Monday, April 16, 2018

Cuckoo Clocked: Can an app make you a better birder?

Cuckoo Clocked: Can an app make you a better birder?

Cornell Lab’s Merlin app is coming to India. They’re crowdsourcing images from local birdwatchers, and everyone’s aflutter.

The Merlin Bird ID app has changed birding in North America in the four years since its launch, helping novices identify species in seconds, from a single photo.
The Merlin Bird ID app has changed birding in North America in the four years since its launch, helping novices identify species in seconds, from a single photo.(Image Courtesy Cornell Lab)
In theory, it sounds perfect. You spot a bird in the wild (or on the windowsill of your concrete jungle), take a quick shot with your smartphone, and an app identifies the species in seconds with 90% accuracy.
For those who’ve used it, four-year-old Merlin Bird ID has revolutionised birdwatching. But the app, developed by the Cornell Lab of Ornithology and Caltech, using crowdsourced photographs, is perhaps better known for how academia, machine learning and crowdsourced data can collaborate towards conservation. In North America, where it was launched, it’s allowed ordinary folks to identify birds without bulky field guides or long-drawn-out Google searches. Among established birdwatching groups, it’s cut down endless debates on which bird was spotted. Naturalists the world over have been using the data to understand migratory patterns, habitat changes and other avian issues.
In January, the Cornell Lab announced plans to extend the app for birds in India – a decision that is as exciting as it is daunting.

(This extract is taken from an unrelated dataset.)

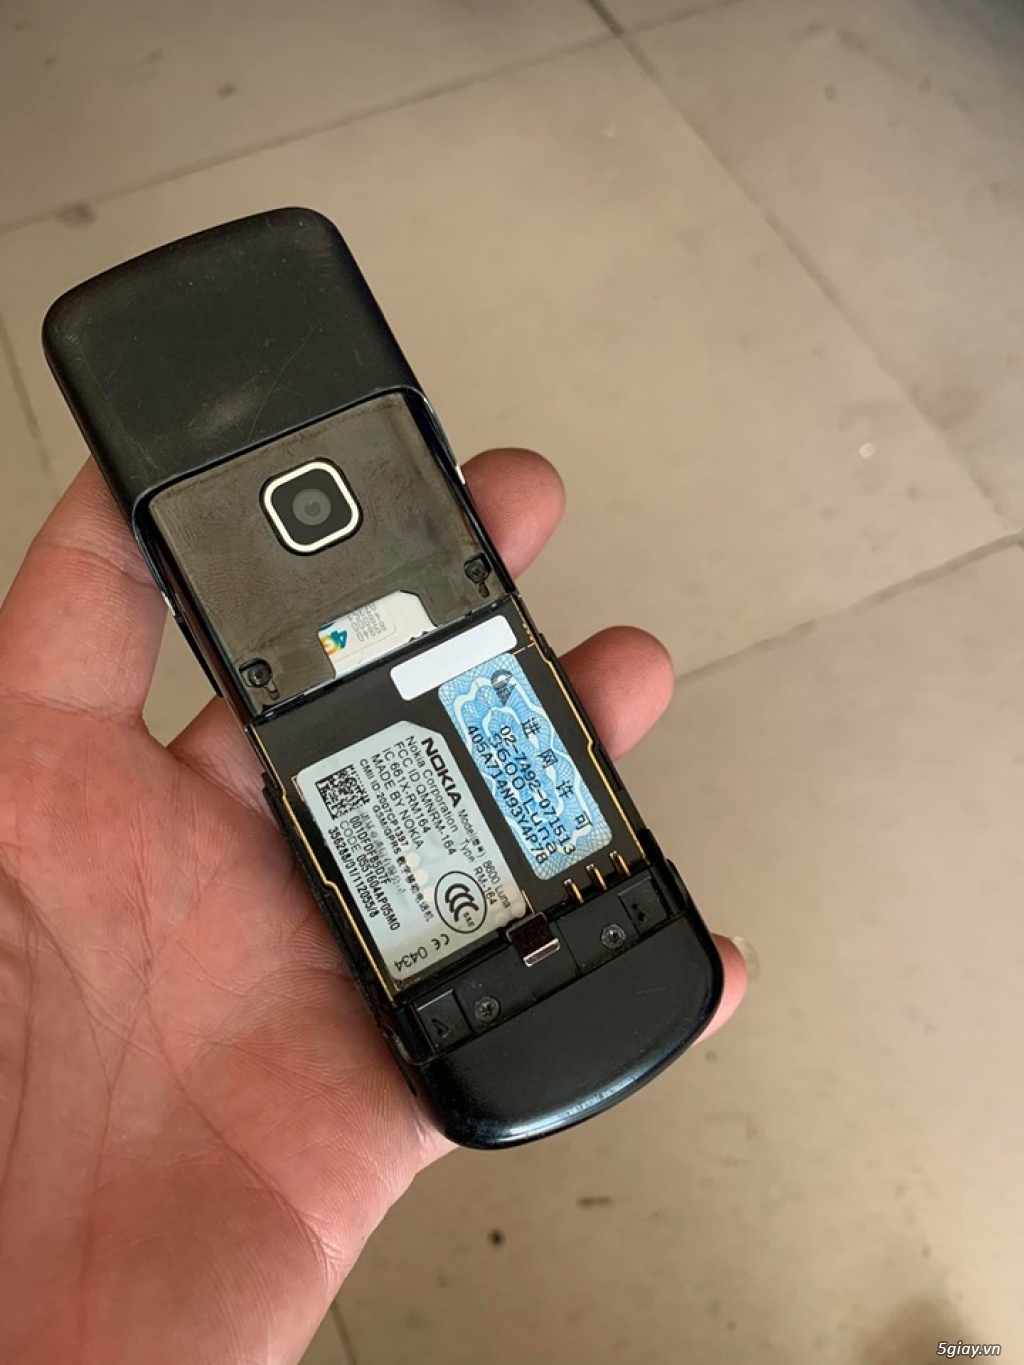 Nokia 8600 luna zin - giá hạt dẽ - 3

India ranks among the world’s 12 megadiversity nations, with 1,266 or 13% of the world’s bird species. But for Merlin to identify Indian birds, it needs more than 500 reference photos for every species. Local birders have been urged to contribute their pictures to build the database.
Some birds like the bright blue verditer flycatcher are easy enough – contributions have already crossed 750. Others like the blue-yellow Banasura Laughingthrush are so rare, there are only seven pictures uploaded.
India’s birdwatching community is divided over the use of tech-driven tools like bird-identification apps. Some say it will popularise the hobby. Others fear it will become a distraction, reducing the activity to almost a game. (Pramod Thakur / HT File Photo)
SPREADING WINGS
Mohit Aggarwal, 31, a bank executive who has lived in several cities and is now based in Mumbai, has contributed over 100 images, most of rare species. “I’ve focused on filling the gaps left by other contributors,” says the birder.
He hopes the app will soothe the ruffled feathers of India’s birding community. “A unique sighting usually causes controversy,” he says. Older birdwatchers, who’ve been bird-spotting before digital cameras, tend to be dismissive, even disbelieving, of younger enthusiasts’ pictures, he says. “Photos offer proof that a certain bird has been in an unlikely region. When a picture is up for identification, you’re typically up against someone’s ego. Machine learning may be able to answer without bias.”
For Albin Jacob, 36, a software engineer from Bengaluru, contributing more than 3,000 pictures was a breeze. He’s photographed more than 800 species across India and is a reviewer for the India portal of Ebird, Cornell Lab’s massive crowdsourced database of bird observations.
“I’m excited that the app will be available for India,” he says.